The George W. Bush Institute has introduced its second big education initiative, a program that seeks to improve graduation rates by focusing on middle schools.
Former first lady Laura Bush announced the initiative, called “Middle School Matters,” at Stovall Middle School in the Aldine Independent School District on Feb. 9. She said research has shown that middle school—and sixth through eighth grade in particular—is a crucial time in determining future success.
“We know now from research that a lot of kids that drop out in high school really drop out in middle school. They just leave in high school,” she said. “One of the goals will be making sure they are prepared for high school.”
For the program, the institute has compiled research done by various institutions on what determines success in middle schools and plans to take that information and work with middle schools to implement new practices.
The program focuses on 11 elements for success, including school leadership, reading interventions, effective teachers, dropout prevention, and school, student, family and community support. The Bush Institute’s research team has come up with specific measures that can be taken in the classroom to improve performance in all of these elements.

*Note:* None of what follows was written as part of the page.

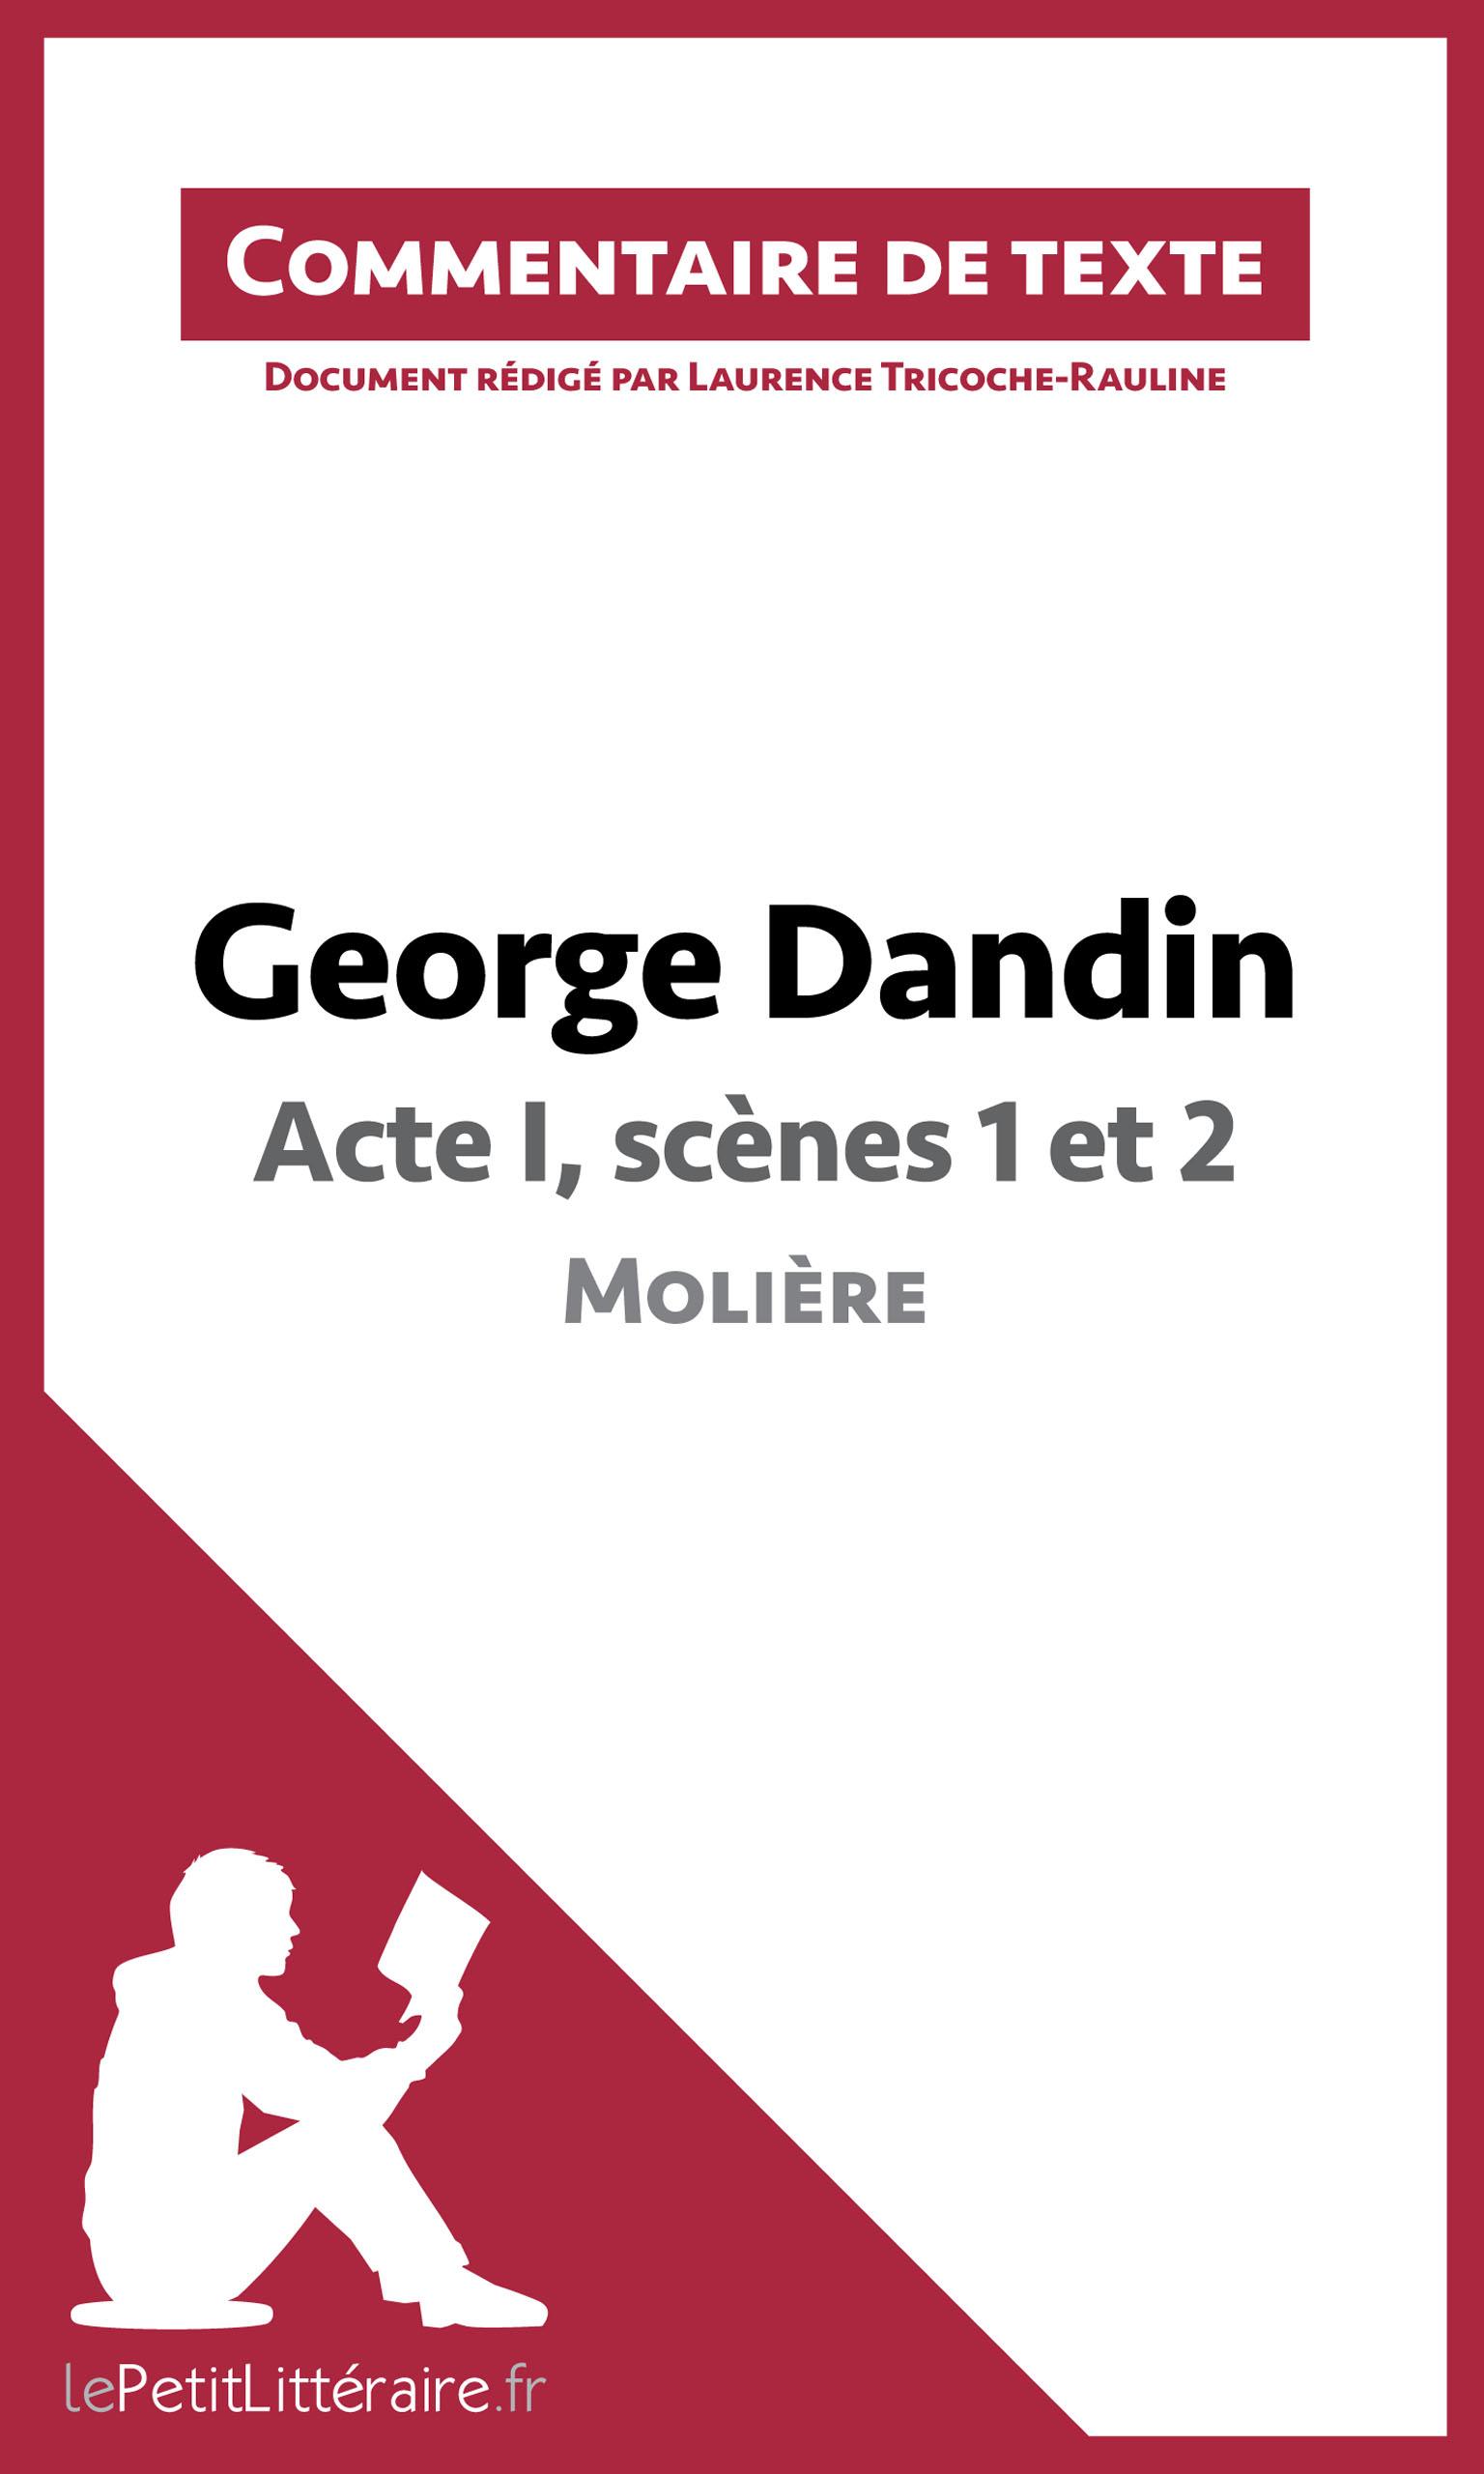 Acte I, scènes 1 et 2

“Within each area, researchers are coming up with principles and practices to implement,” said Kerri Briggs, the Bush Institute’s director of education reform.
For example, the institute said, dropout preventions could include assigning adult advocates to meet regularly with students at risk of dropping out. Those advocates also could greet students as they arrive, meet with students to review grades and assignments, and regularly talk with the student’s parents.
The research team is working to make sure all the components of the program are in place. They plan by the 2012-13 school year to implement the program in 10 to 15 schools. And then, making adjustments in the program from what they’ve learned, they will add more schools in the 2014-2015 school year.